[Mesa-dev] Fwd: GPU-CPU sync during radeonQueryGetResult

Mon Jul 6 10:13:04 PDT 2015

I'm only really familiar with nouveau, but I think all GPU hardware
works in roughly the same way. Basically you have some way of
inserting "write X to address Y" into the command stream (aka a
"fence"), after which you insert "write X+1 to address Y" and so on.
If you want the CPU to wait on a given fence, you just do "while
(*address < x);". If you have multiple GPU processing queues, you can
usually also insert a "stall this queue until the value at address Y
is at least X" command into the command stream.

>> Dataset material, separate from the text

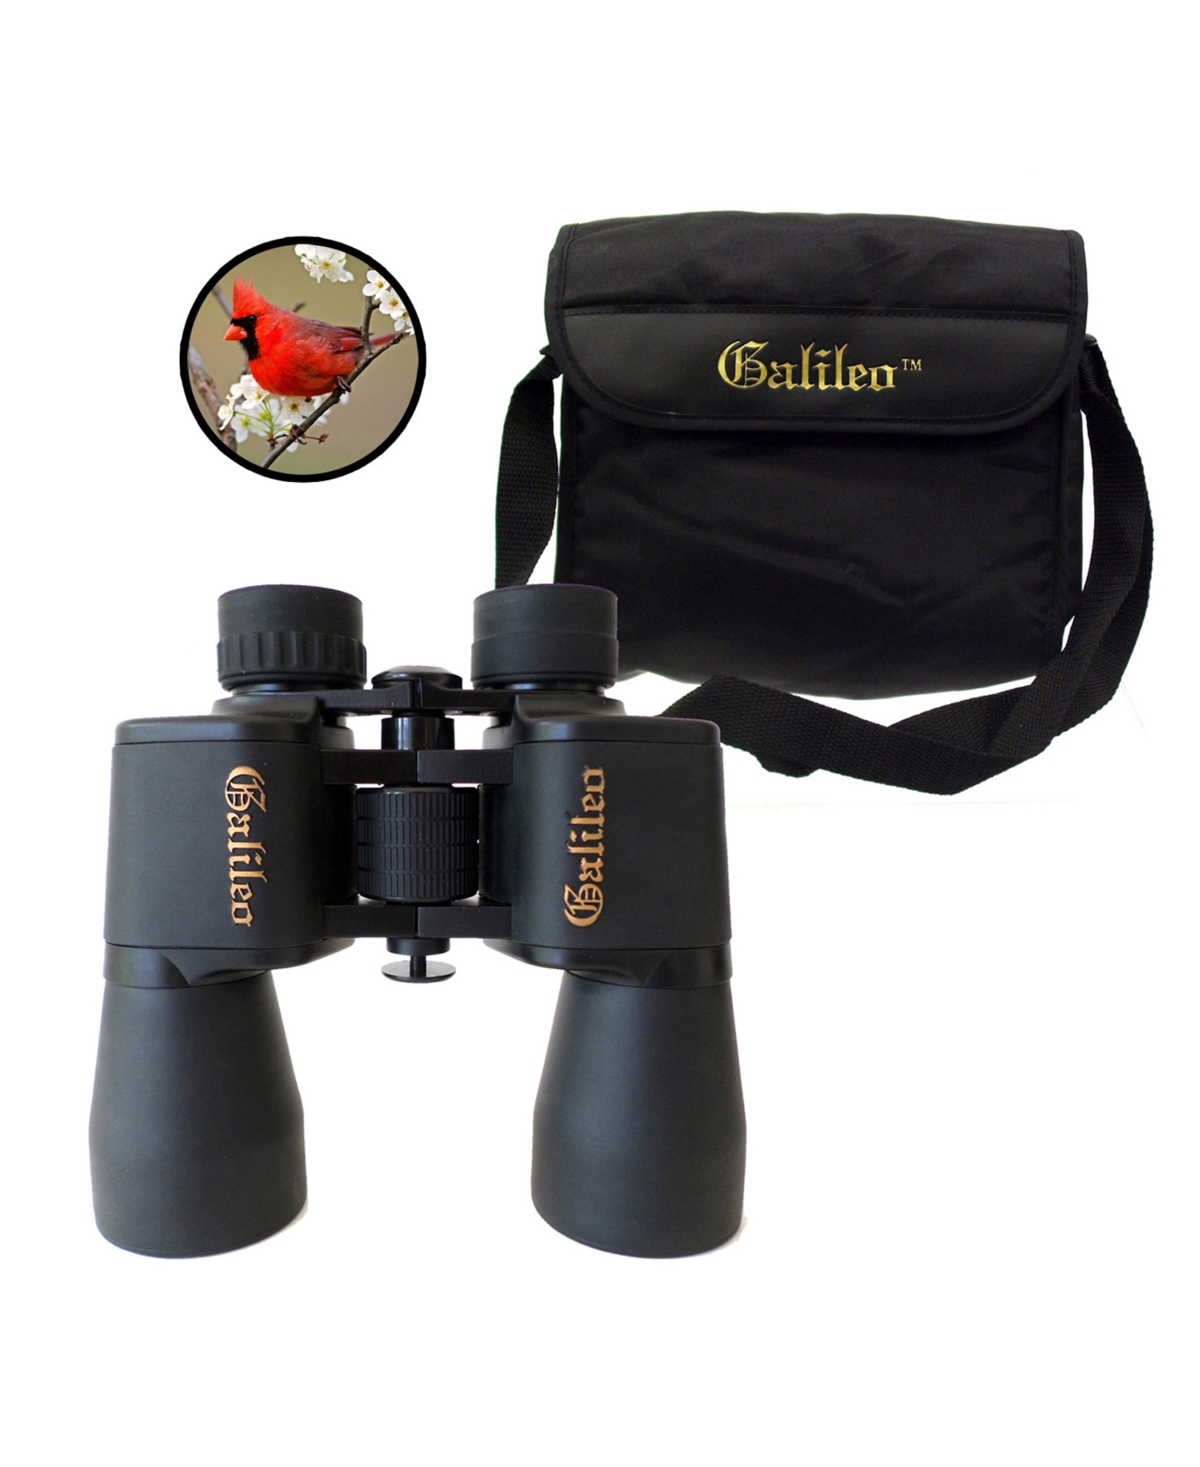 Cosmo Brands Galileo 8 Power Wide Angle Binocular With 40 Mm Lenses, Case And Shoulder Strap In Very Black

DRM uses implicit fences, so it knows which BOs are used for
particular commands. So the flow goes something like "submit bunch of
commands; submit fence write and attach that fence id to the BOs in
the previous bunch of comands". Then to wait for a bo to become ready,
you just wait until the GPU writes the appropriate number to memory
address Y (from above).

The mesa drivers can sometimes use clever tricks that avoid this
sync'ing because it knows exactly how it emits the commands and
perhaps it waits on something related earlier whereby it knows the
other thing will be ready. No idea if that's the case here.

Hope this helps,

  -ilia

On Mon, Jul 6, 2015 at 1:05 PM, Vyacheslav Gonakhchyan
<ytriffy at gmail.com> wrote:
> Ilia, thanks for the gallium link.
> Do you know any links to high level info with broad strokes about how this
> sync works? Frankly I do not know driver terminology and wanted to know more
> about how this sync is performed for my research. I'm using mesa as a
> reference because it has open implementation code. Occlusion query
> functionality probably waits for z-buffer to become ready. Problem is that
> usual synchronization techniques do not apply here. I'm thinking that driver
> code gets notifications about state change. I want to know what kind of
> notifications are available? Can query be performed in parallel with another
> frame being processed or does it need complete GPU pipeline flush?
>
> Thanks,
> Vyacheslav
>
> On Mon, Jul 6, 2015 at 8:32 PM, Ilia Mirkin <imirkin at alum.mit.edu> wrote:
>>
>> On Mon, Jul 6, 2015 at 11:29 AM, Vyacheslav Gonakhchyan
>> <ytriffy at gmail.com> wrote:
>> > Hi, everyone.
>> >
>> > Trying to understand method radeonQueryGetResult (more broadly GPU-CPU
>> > sync).
>> >
>> > static void radeonQueryGetResult(struct gl_context *ctx, struct
>> > gl_query_object *q)
>> > {
>> >     struct radeon_query_object *query = (struct radeon_query_object *)q;
>> >         uint32_t *result;
>> >     int i;
>> >
>> >     radeon_print(RADEON_STATE, RADEON_VERBOSE,
>> >             "%s: query id %d, result %d\n",
>> >             __func__, query->Base.Id, (int) query->Base.Result);
>> >
>> >     radeon_bo_map(query->bo, GL_FALSE);
>> >         result = query->bo->ptr;
>> >
>> >     query->Base.Result = 0;
>> >     for (i = 0; i < query->curr_offset/sizeof(uint32_t); ++i) {
>> >         query->Base.Result += LE32_TO_CPU(result[i]);
>> >         radeon_print(RADEON_STATE, RADEON_TRACE, "result[%d] = %d\n", i,
>> > LE32_TO_CPU(result[i]));
>> >     }
>> >
>> >     radeon_bo_unmap(query->bo);
>> > }
>> >
>> > I don't know which part is responsible for blocking behavior (waiting
>> > for
>> > response from GPU). I suspect that radeon_bo_map does this magic.
>> > Can someone point in the right direction?
>>
>> The radeon_bo_map defined in
>> src/gallium/winsys/radeon/drm/radeon_drm_bo.c indeed has this magic.
>> However the code in src/mesa/drivers/dri/radeon/radeon_queryobj.c
>> references the radeon_bo_map in libdrm, which does not appear to wait.
>>
>> FWIW for nouveau, nouveau_bo_map will also implicitly do a
>> nouveau_bo_wait, but that does not appear to be the case for radeon.
>>
>> Cheers,
>>
>>   -ilia
>
>